Theoretical models of the structures of the RPS4 proteins were obtained by the program MODELLER [38]. MODELLER generates protein structures by satisfaction of spatial restraints with simultaneous optimisation of CHARMM energies, conjugate gradients and molecular dynamics with simulated annealing. Comparative models were validated with PROCHEK [39] and WHAT_CHECK [40] that study the geometry of the structure of the protein, VERIFY3D [41] that reports amino acid environmental errors and JOY [42] for comparison of the environments of residues of the modelled structure with the environments of residues of the homologous proteins used for modelling. The alignments were manually modified when the model was unsatisfactory (i.e. produced results below validation program recommendations), and the modelling and validation processes repeated. These processes were repeated until models with good geometry and conformation were obtained. The program MODELLER was also used for loop remodelling.

The models of isolated RPS4X, RPS4Y1 and RPS4Y2 show no residues with disallowed conformation in the Ramachandran plot, with 90.2%, 90.7% and 90.7% residues, respectively, residues in the most favourable regions. The Verify3D report shows that 82.2% of residues of RPS4X, 92.0% of RPS4Y1 and 90.2% of RPS4Y2 have an averaged 3D-1D score > 0.2 and no negative values are observed (18).
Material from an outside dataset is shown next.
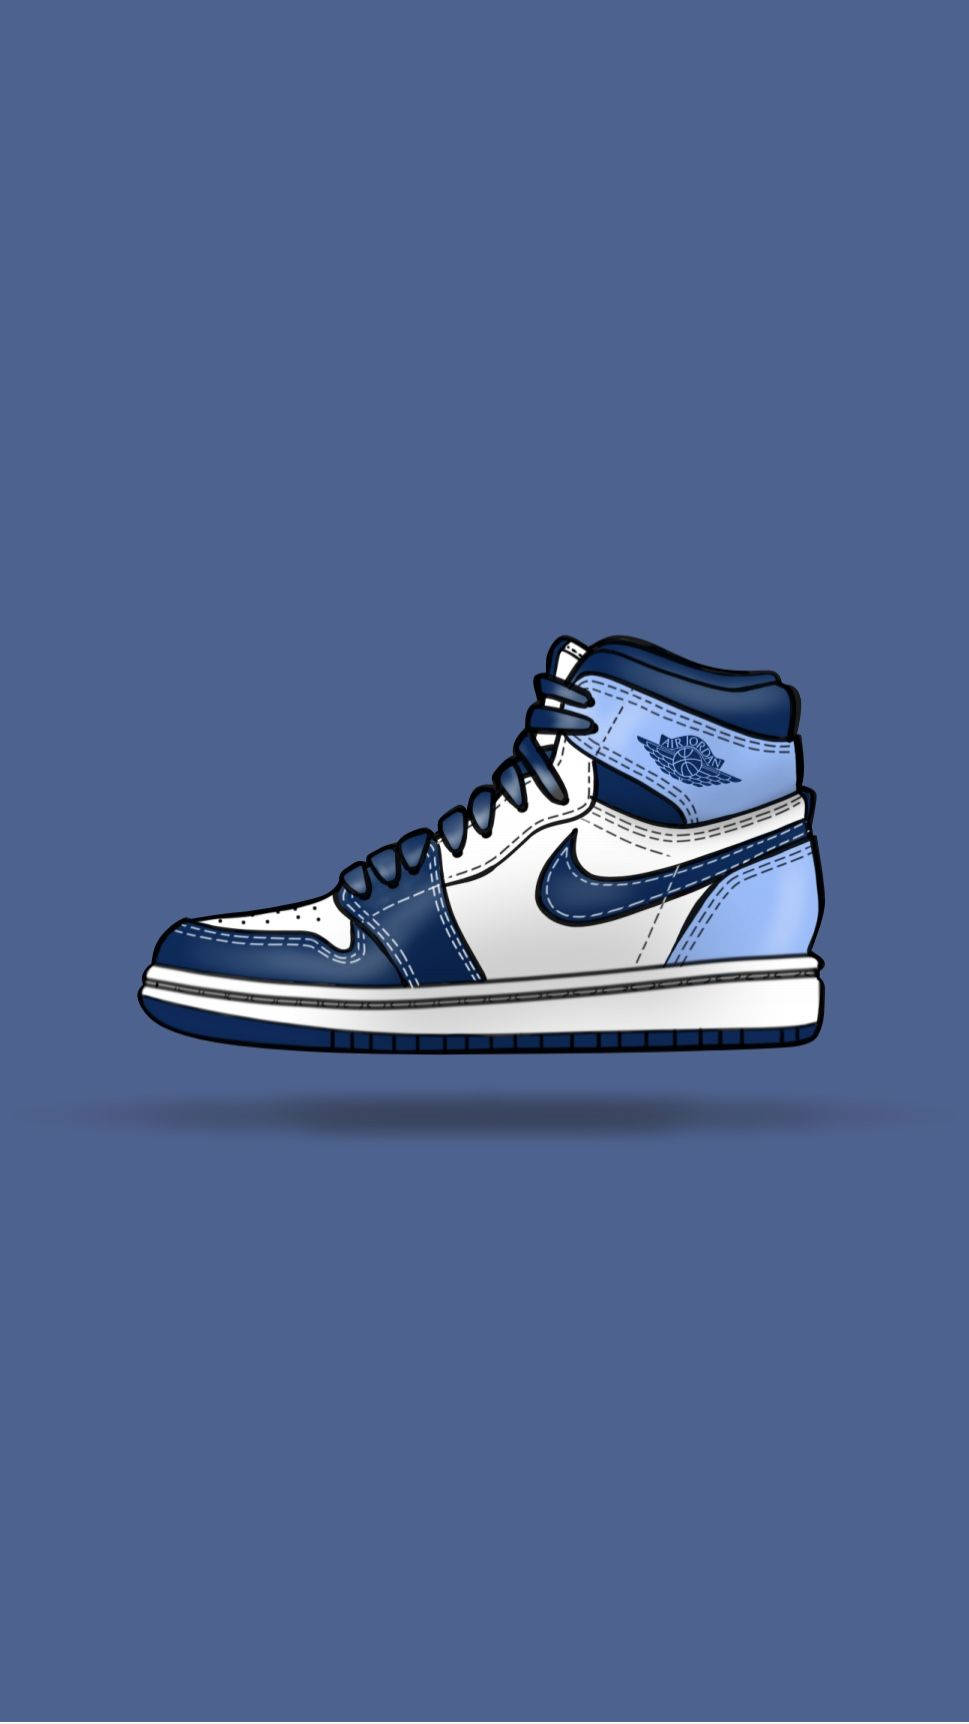 Blue Air Jordan Shoes Wallpaper

The WHAT_CHECK report shows that there were no 'bumps' between non-bonding atoms in the models of the three RPS4 proteins. For the WHAT_CHECK authors, two atoms are said to 'bump' if they are closer than the sum of their van der Waals radii minus 0.40Å (19). On the other hand, a WHAT_CHECK comparison of the backbone conformation with database proteins shows that the three backbone folds in this structure present a low conformation Z-score of -7.03 (RPS4X), -6.47 (RPS4Y1) and -7.05 (RPS4Y2) and that four, five and four side chains, respectively, can be flipped in order to form energetically more favourable hydrogen bonds. WHAT_CHECK reports similar errors for some of the template proteins used for modelling. In particular, WHAT_CHECK reports one bump, a low backbone conformation Z-score of -6.07 and three side chains that can be flipped for 1C06 and one bump and two side chains that can be flipped for 1JJ2 chain S.

Contact residues were defined as the residues that possessed an interface solvent accessible surface area (ASA) that decreased (ΔASA) by more than 1Å2 on interaction [43]. The ASA was calculated using the Lee and Richards algorithm [44] developed by Richmond [45]. HBPLUS was used for hydrogen bond definition [46].